Pasca terjadinya peristiwa bom Bali tahun 2002 lalu, pariwisata di pulau dewata itu merosot jauh. Turis yang biasanya sekitar 5.500 orang merosot sampai hanya menjadi 1.000 orang.
Kondisi itu sangat berdampak dan merugikan bagi masyarakat di sana secara keseluruhan.
Demikian diceritakan M. Jusuf Kalla saat bersaksi dalam sidang lanjutan terdakwa eks Sekjen Kemenlu, Sudjanan Parnohadiningrat di Pengadilan Tipikor Jakarta, Rabu (4/6).
Karenanya, selaku Menteri Koordinator Kesejahteraan Rakyat (Menkokesra) kala itu, JK mengambil beberapa langkah.
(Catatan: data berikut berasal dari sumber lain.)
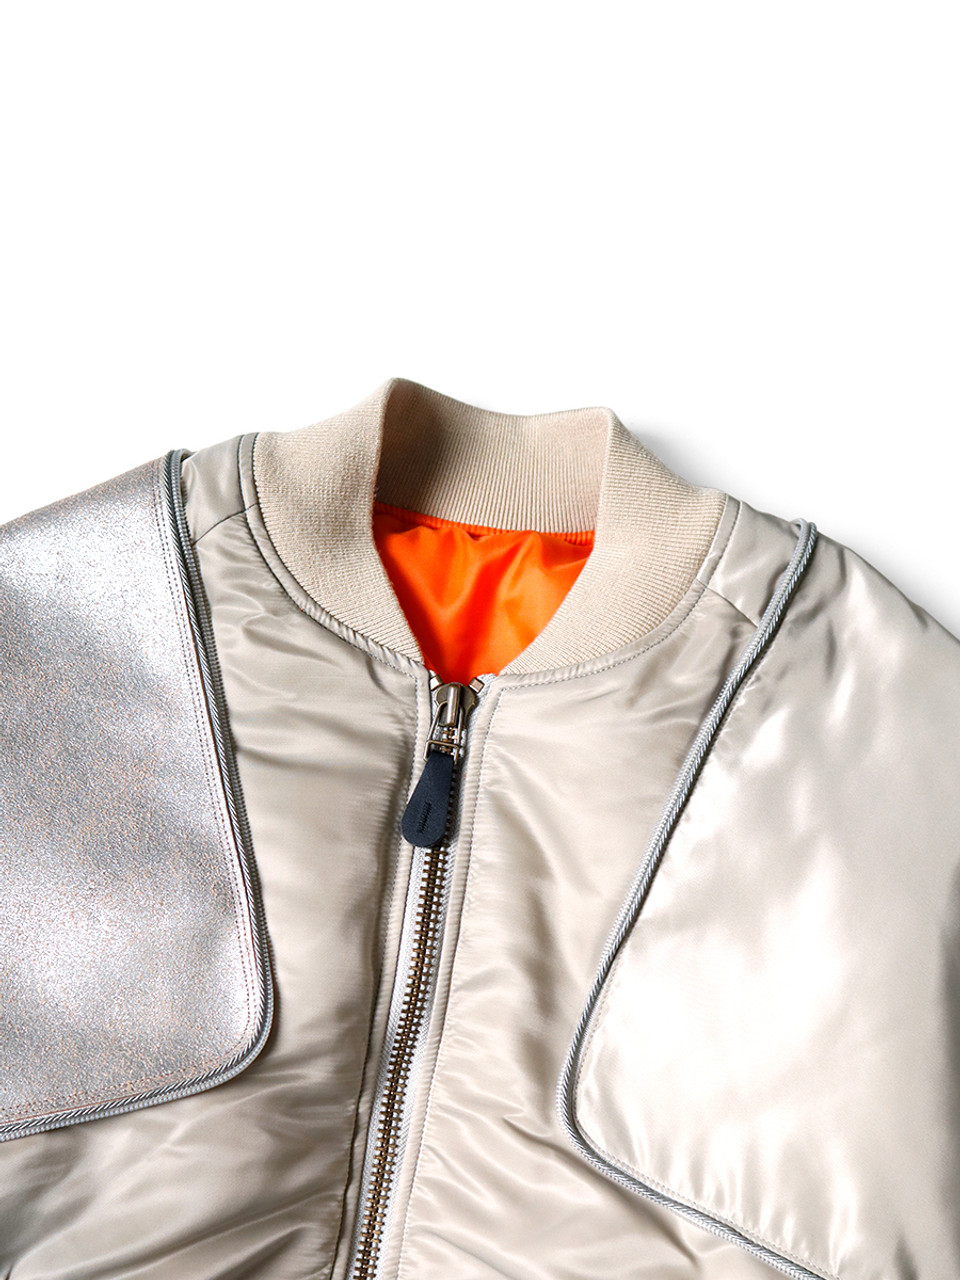 KAPITAL Jacket MA-1 Nylon x Crack Leather Siamese Bomber JKT

Salah satunya, mengamankan Bali dengan melengkapi seluruh aparat kepolisian dengan sebaik-baiknya.
"Kedua mendorong turis dalam negeri antara lain dengan menyatukan hari libur," terang JK dalam sidang perkara dugaan korupsi penyelenggaraan seminar internasional di Kementerian Luar Negeri tahun 2004-2005 itu.
Nah, langkah lain yang dilakukan saat itu, masih kata JK, adalah dengan menjadikan Bali sebagai tempat penyelenggaraan konferensi.
"Supaya luar negeri tetap percaya bahwa Bali tidak hilang atau tidak rusak sama sekali maka memindahkan konferensi dari tempat lain ke Bali, baik konfrensi di dalam negeri Jakarta pindahkan ke Bali dan mengundang konferensi dari luar negeri ke Bali," kata cawapres nomor urut 2 ini.
"Agar Bali tetap menjadi tujuan perhatian dan wisata internasional sehingga masyarakat Bali bisa hidup," sambung pendamping Joko Widodo ini.
JK menambahkan, bahwa keputusan itu adalah keputusan darurat yang diambil oleh Presiden RI kala itu, Megawati Soekarnoputri.
"Sehingga kita berikan perintah agar semua konferensi internasional dipindahkan ke Bali agar Bali di dunia luar negeri tetap dikenal aman. Itu misinya," tandas Ketua Palang Merah Indonesia (PMI) itu.